Guideline recommendation (Evidence A — the highest level of evidence for any medication in spinal stenosis): Limaprost is recommended for patients with the cauda equina type or mixed type (Strength 2, consensus rate 85%). Multiple clinical trials have confirmed improvements in leg numbness, walking distance, and quality of life (QOL). Importantly, no increase in adverse events was reported compared to other medications, making it a medication with a strong safety profile. On the other hand, evidence for its effectiveness against nerve root-type pain (strong one-sided pain) is lacking.
5. Weak Opioid Pain Relievers — For Moderate to Severe Pain
| Generic Name | Brand Examples | Key Features |
|---|---|---|
| Tramadol + Acetaminophen | Ultracet | Two active ingredients that relieve pain through different mechanisms |
| Tramadol (extended-release) | ConZip, Ultram ER | Taken twice daily for sustained pain relief |
How they work: Tramadol is a stronger pain reliever used when anti-inflammatory medications are not enough.
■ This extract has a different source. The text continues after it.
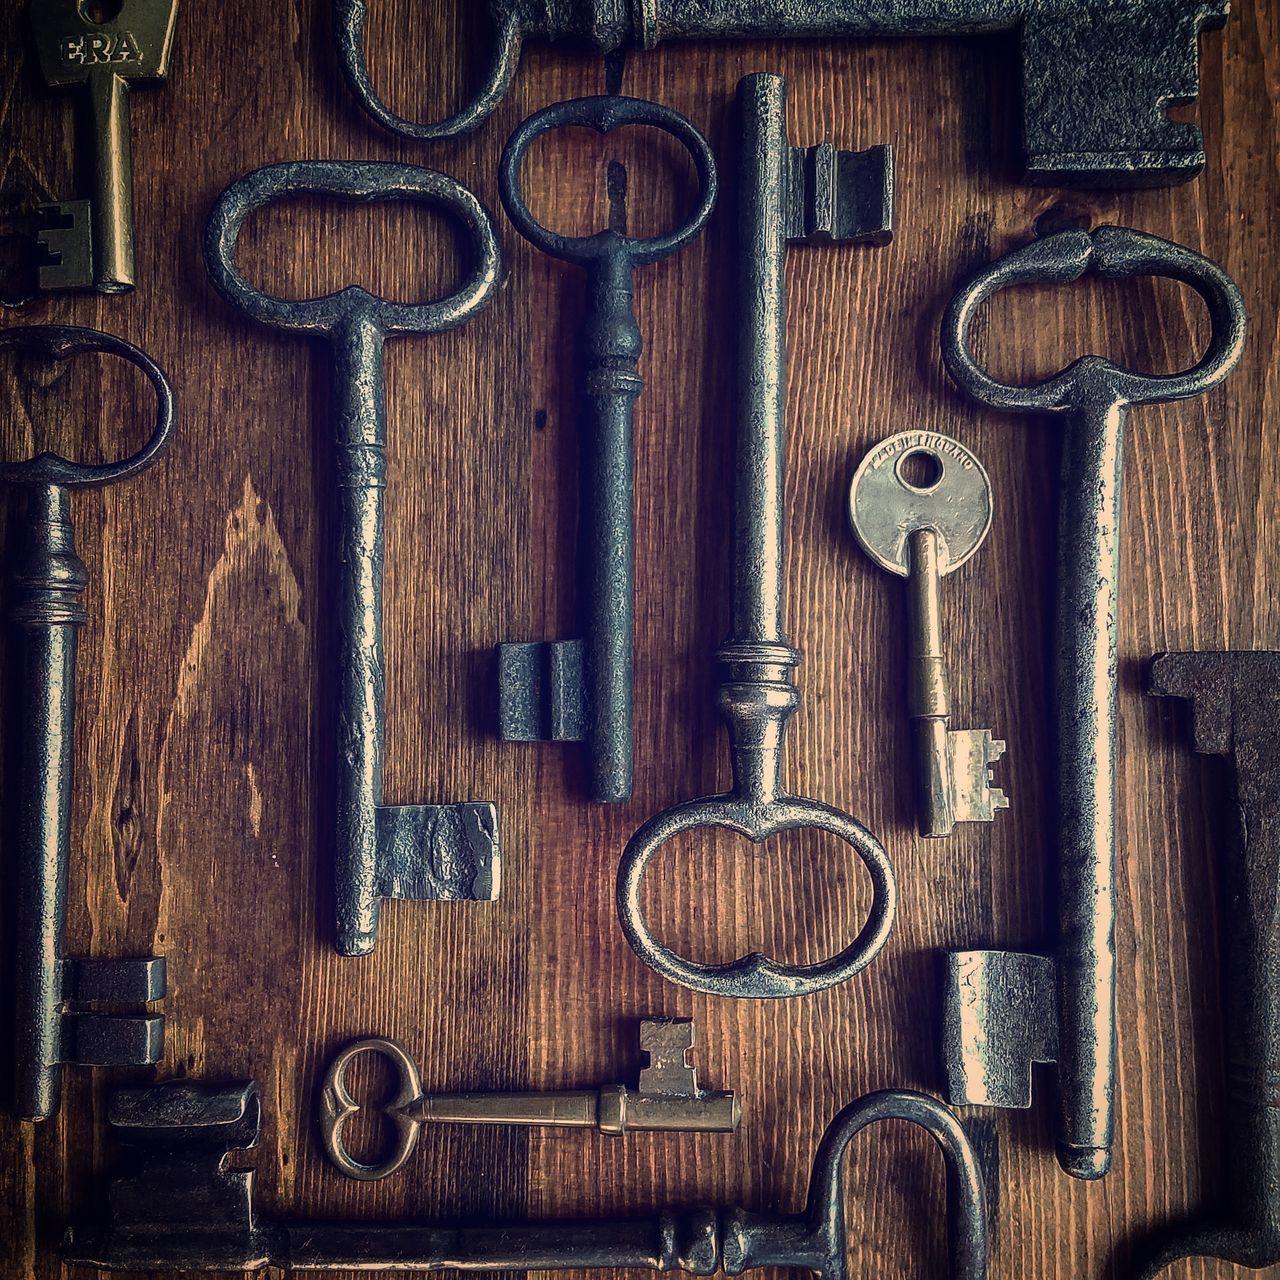 Skeleton Key  Variation Large Group Of Objects Indoors  No People Close-up Day Antiquecollection Antique Key Antique Keys Old Keys French Antique Keys Photography Keys Eyem Diversity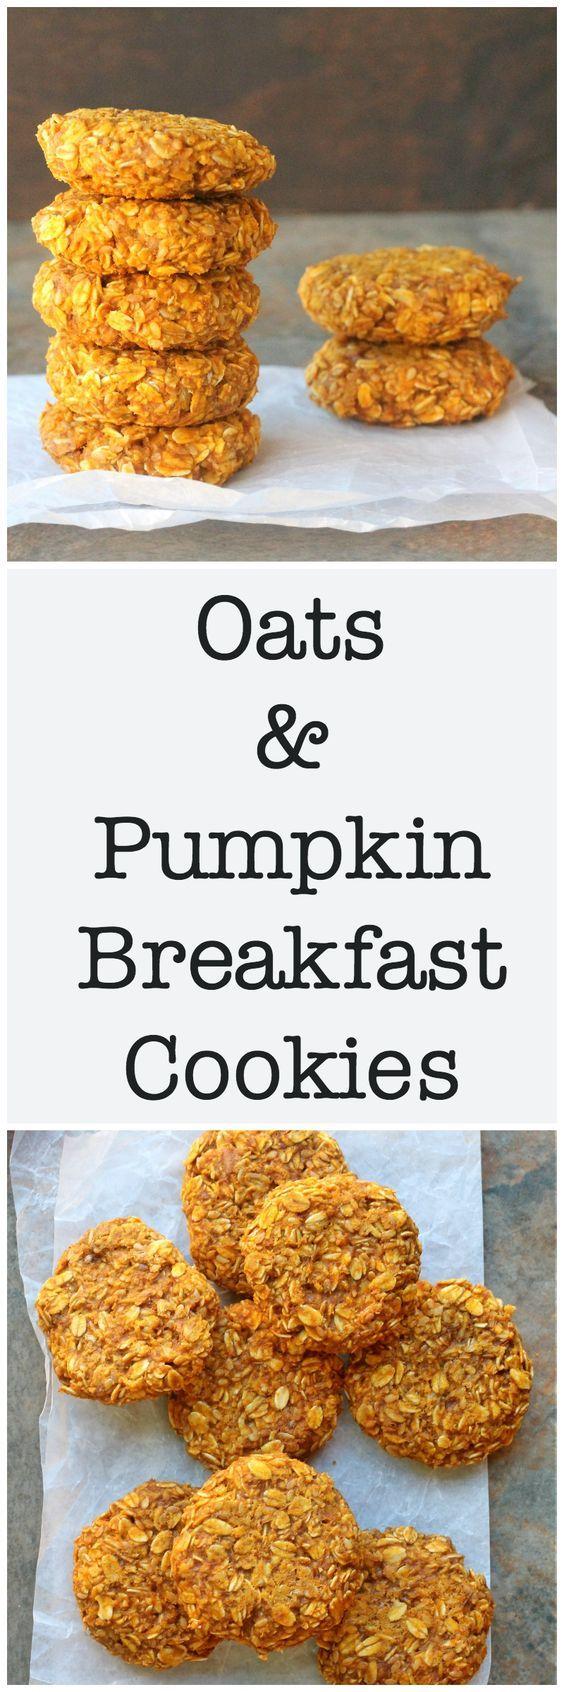 Oats & Pumpkin Breakfast Cookies - Vegan, Gluten-Free!:

It works by acting on "pain switches" in the brain and spinal cord to weaken pain signals. It also supports your body's descending pain inhibitory pathway (the natural "pain brake" system), helping to reduce how pain is transmitted. It is used for cancer pain, chronic back and joint pain, and nerve pain.
Possible side effects: Common side effects include nausea, constipation, drowsiness, dizziness, and feeling foggy or lightheaded.
A note for older patients: In older adults, drowsiness and dizziness can increase the risk of falls, and constipation may become particularly bothersome. Be especially careful when first starting the medication or when the dose is increased. If you notice anything unusual, don't try to push through it — let your doctor know right away.
6. Other Medications
| Generic Name | Examples | Key Features |
|---|---|---|
| Muscle relaxants (various) | Tizanidine, cyclobenzaprine | Relieve muscle tension and spasm |
| Methylcobalamin (Vitamin B12) | Methycobal | Supports nerve repair |
| Traditional herbal medicine | Hachimijiogan (a Japanese/Chinese herbal formula) | Used for leg numbness and cold sensations |
| Strong opioids | — | For very severe pain (used cautiously due to dependence risk) |
About Methylcobalamin (Vitamin B12): One clinical trial (152 patients, 24 months) showed improvement in walking distance, but because it was combined with other treatments, it is not possible to determine whether methylcobalamin alone was responsible. It should be considered supplementary at best.
About herbal medicine (Hachimijiogan): One clinical trial (27 patients, 8 weeks) showed improvement in back pain, numbness, and intermittent claudication, with no adverse events. However, the small sample size means the evidence is limited. It should also be considered supplementary.